## Problem statement:
Restate word for word all of the lines below, with each image left out.

## Data:
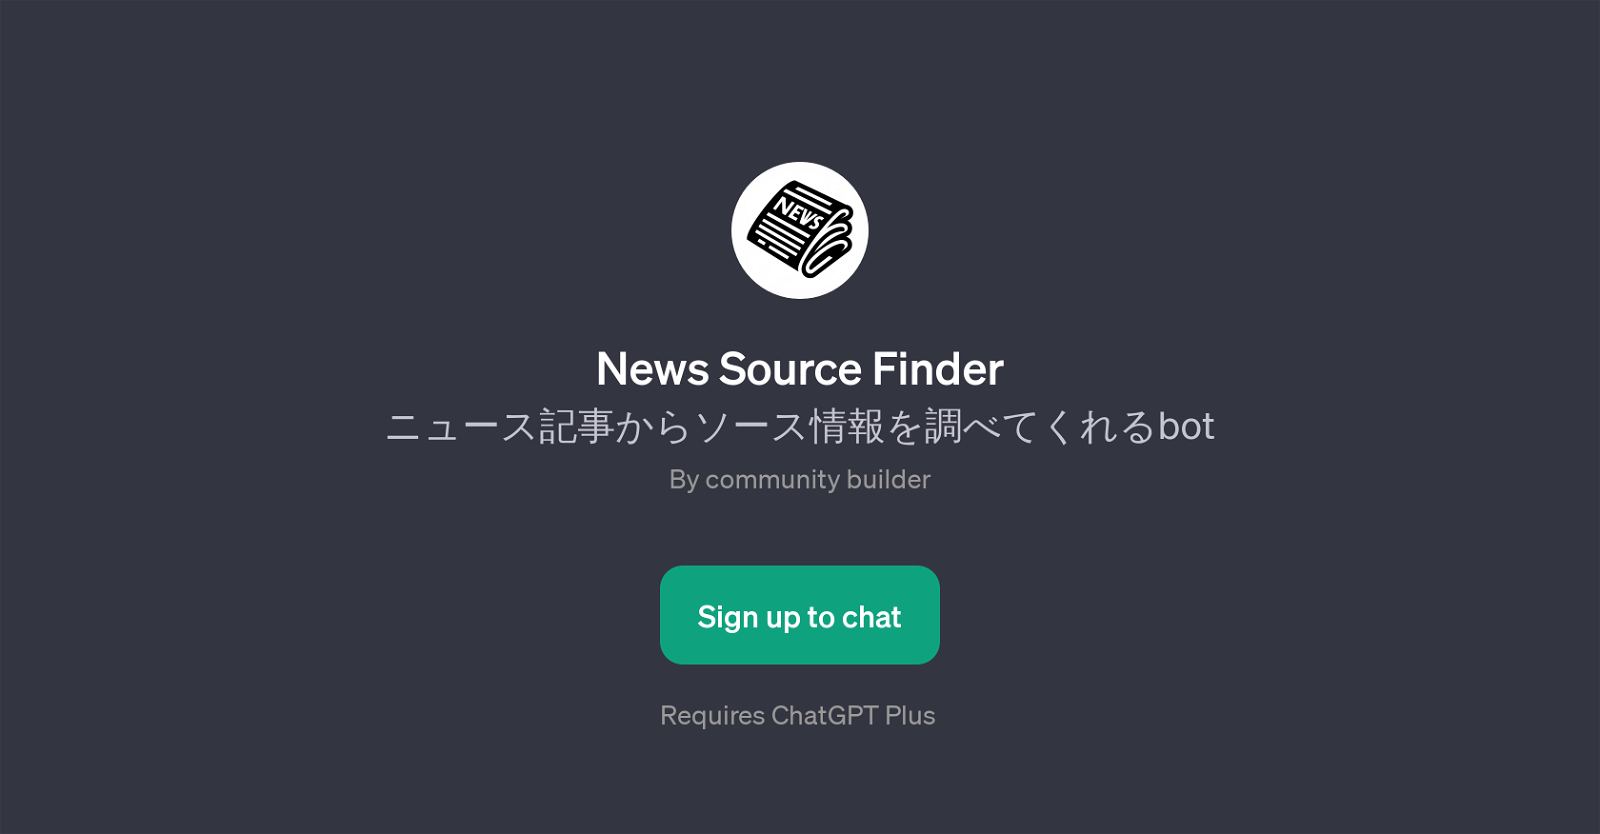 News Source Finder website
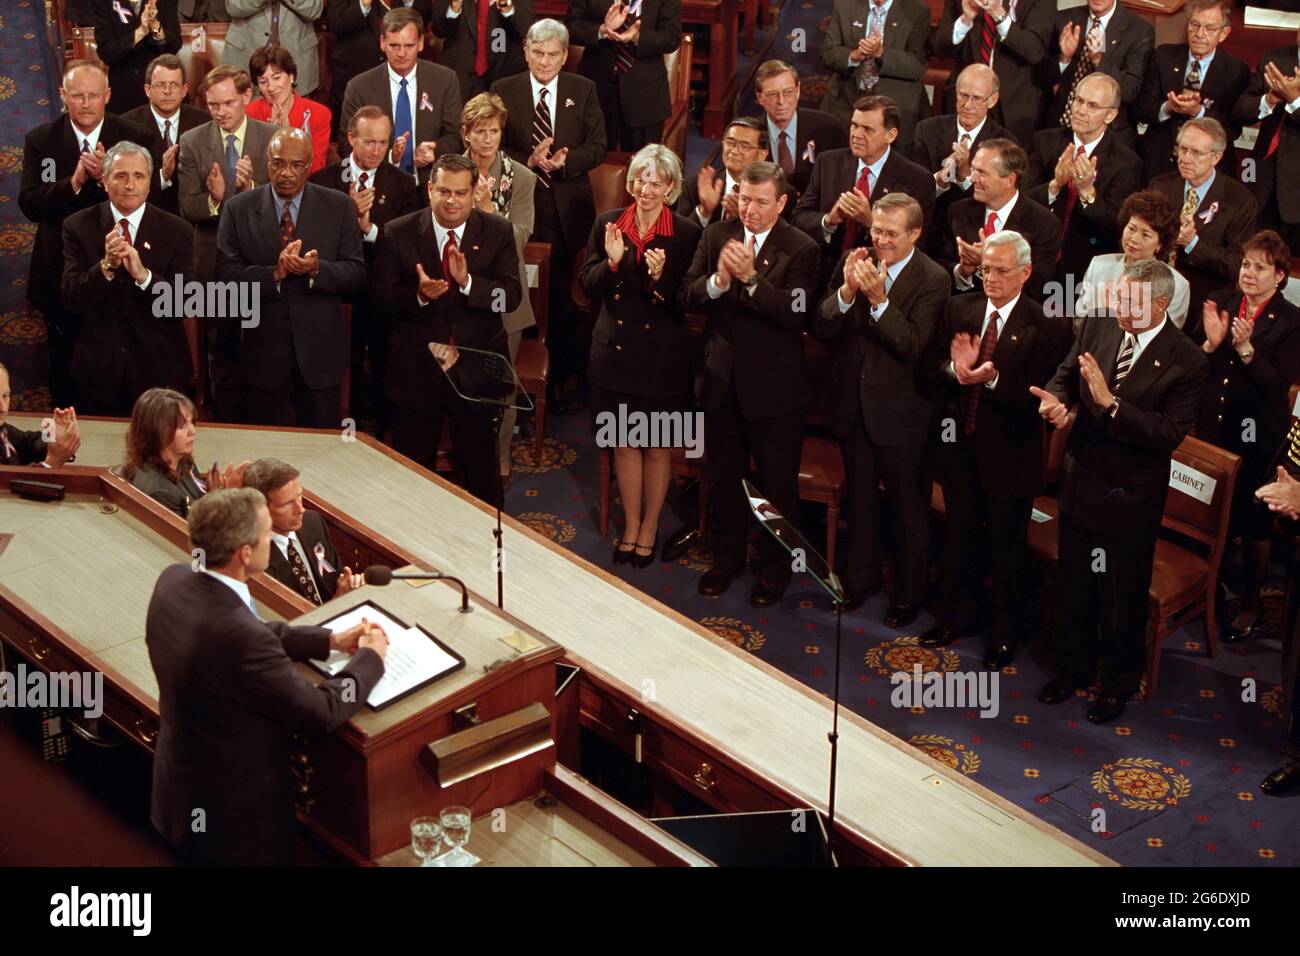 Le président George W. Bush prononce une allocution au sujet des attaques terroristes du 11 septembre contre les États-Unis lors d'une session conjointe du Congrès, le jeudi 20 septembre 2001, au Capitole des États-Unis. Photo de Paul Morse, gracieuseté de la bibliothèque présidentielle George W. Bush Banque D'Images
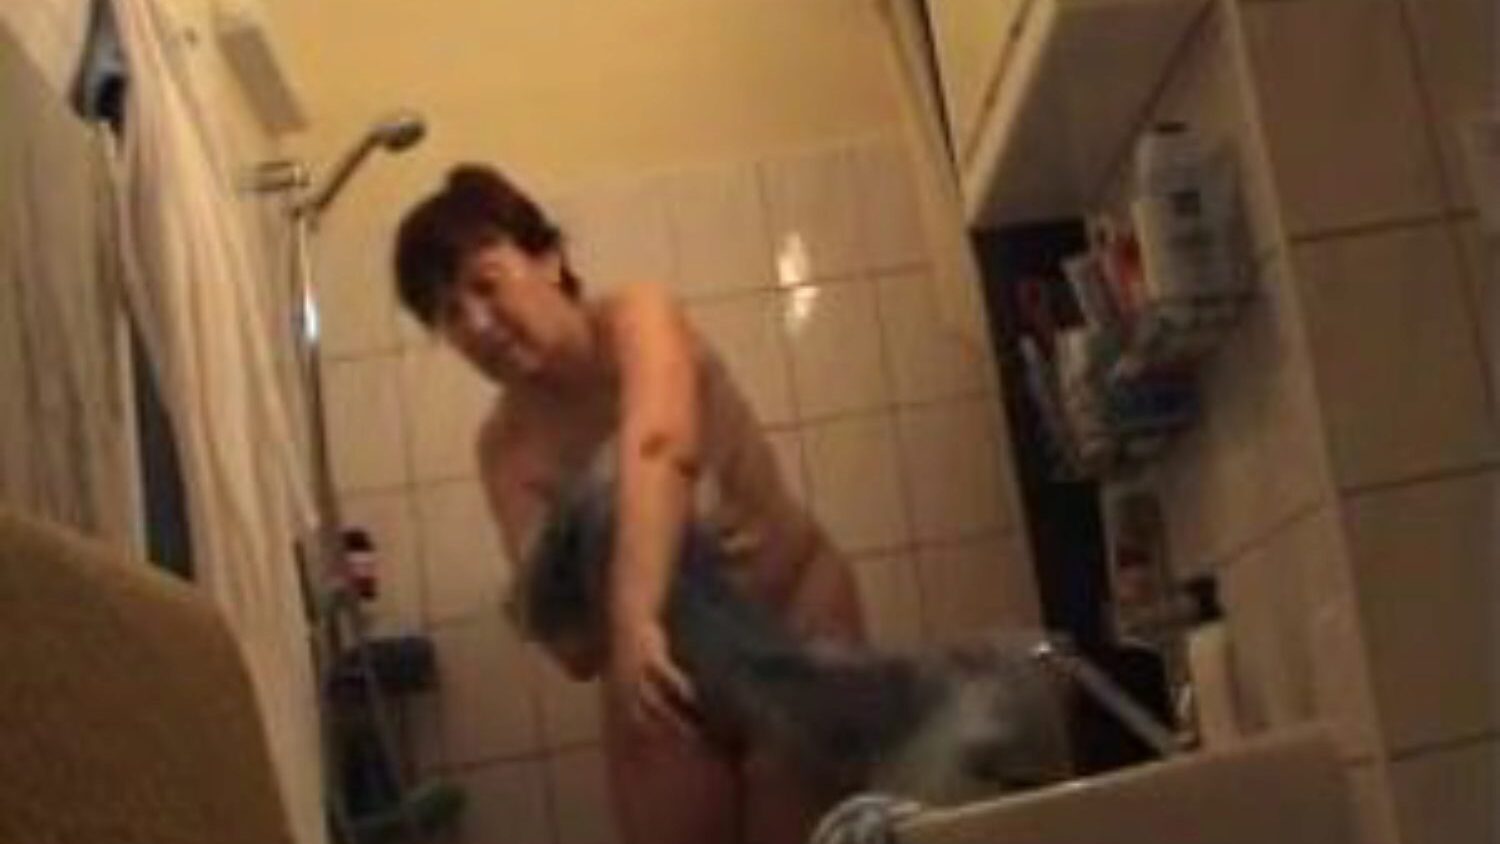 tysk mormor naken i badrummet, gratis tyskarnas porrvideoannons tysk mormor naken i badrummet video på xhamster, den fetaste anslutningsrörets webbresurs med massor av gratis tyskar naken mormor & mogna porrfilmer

## Task result:
 News Source Finder website
 Le président George W. Bush prononce une allocution au sujet des attaques terroristes du 11 septembre contre les États-Unis lors d'une session conjointe du Congrès, le jeudi 20 septembre 2001, au Capitole des États-Unis. Photo de Paul Morse, gracieuseté de la bibliothèque présidentielle George W. Bush Banque D'Images
 tysk mormor naken i badrummet, gratis tyskarnas porrvideoannons tysk mormor naken i badrummet video på xhamster, den fetaste anslutningsrörets webbresurs med massor av gratis tyskar naken mormor & mogna porrfilmer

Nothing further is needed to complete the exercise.